(GOAL OF THE EXERCISE): Reproduce the listing below in full and without alteration, apart from its pictures.

(DATA SHOWN):
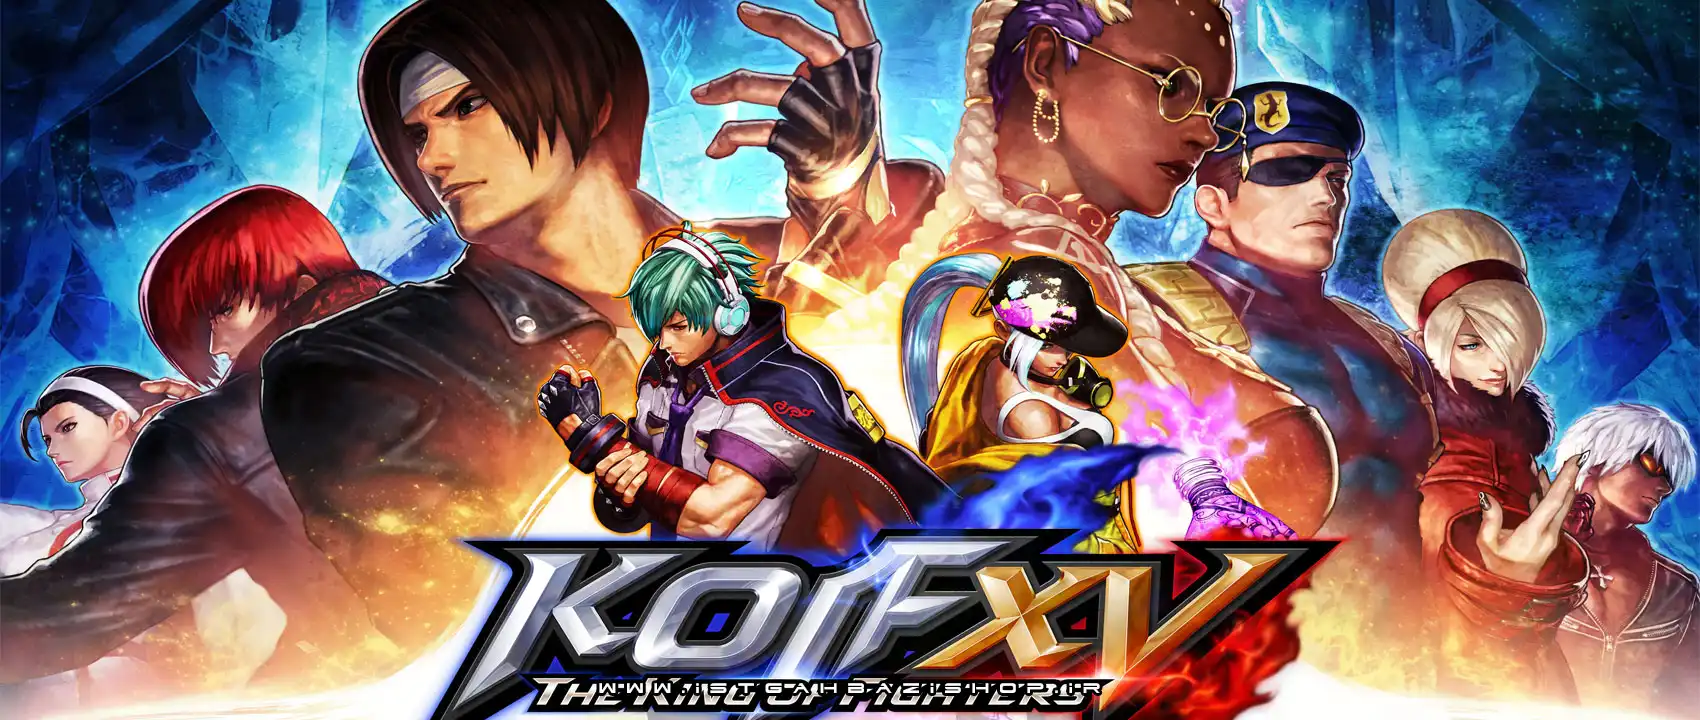 بازی The King of Fighters XV برای PS4
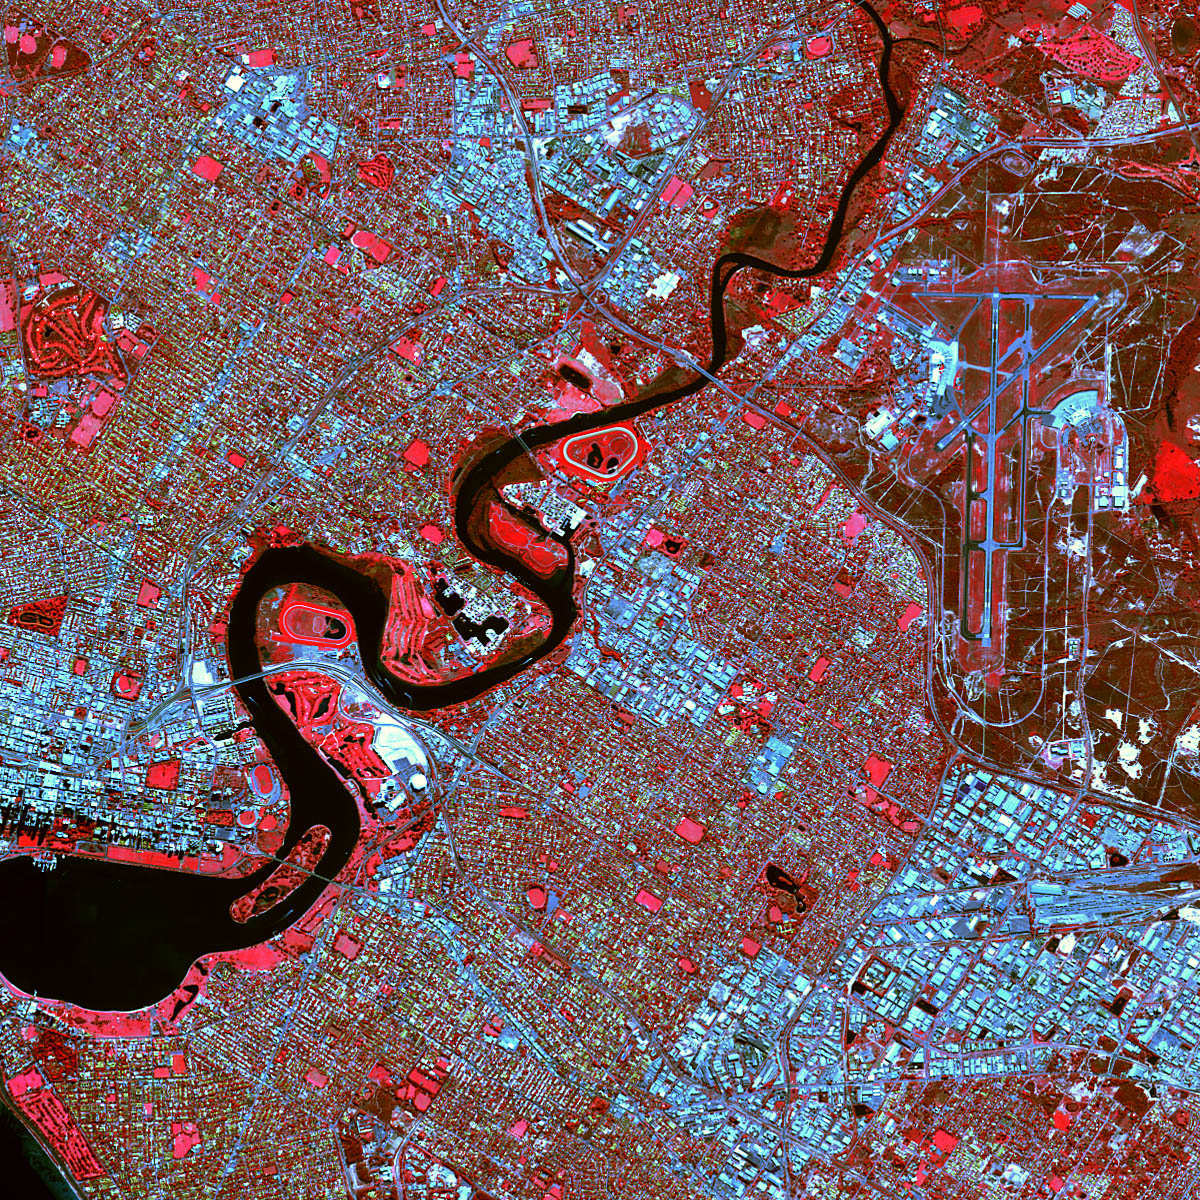 Image de la ville de Perth acquise en 2002 par le satellite Spot 5.
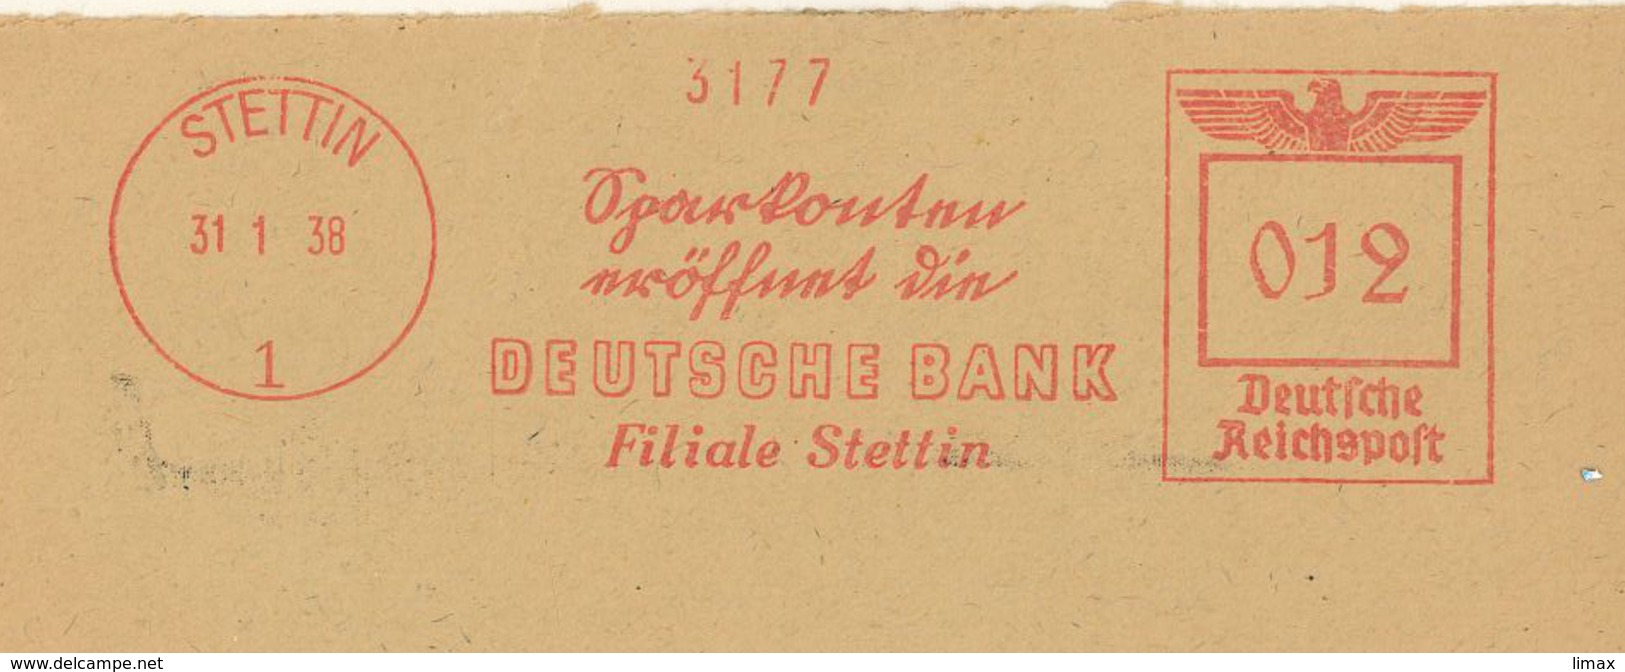 Frankotyp F Stettin Deutsche Bank Filiale - Maschinenstempel (EMA)
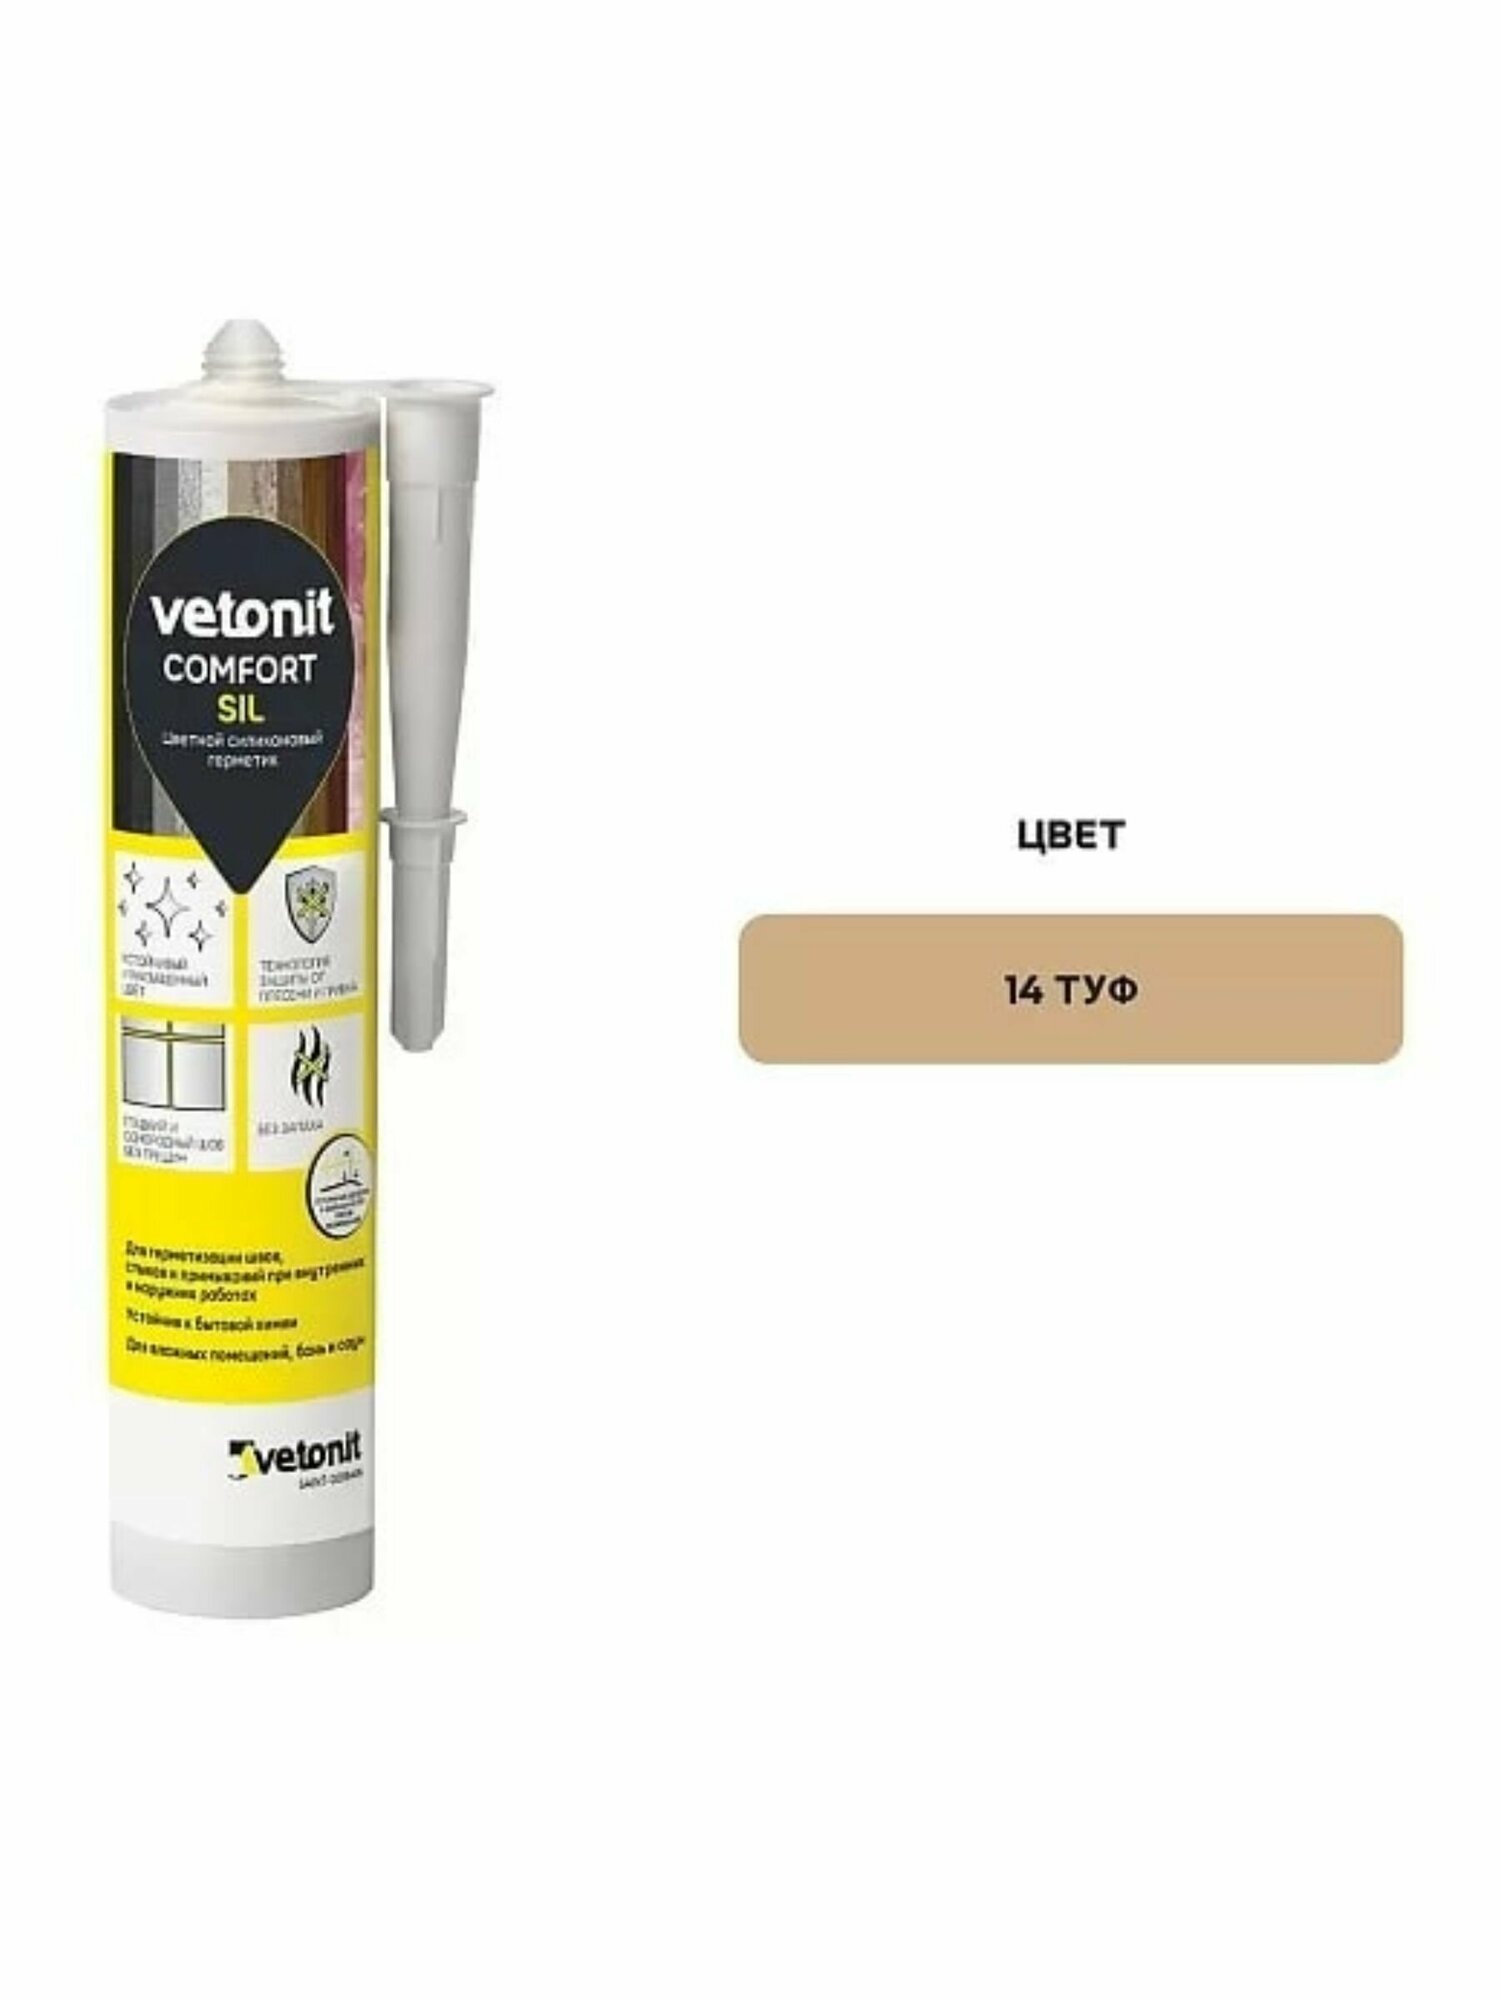 Vetonit Comfort Sil цветной силиконовый герметик 14 туф, 280 мл

(TASK RESULT):
 بازی The King of Fighters XV برای PS4
 Image de la ville de Perth acquise en 2002 par le satellite Spot 5.
 Frankotyp F Stettin Deutsche Bank Filiale - Maschinenstempel (EMA)
 Vetonit Comfort Sil цветной силиконовый герметик 14 туф, 280 мл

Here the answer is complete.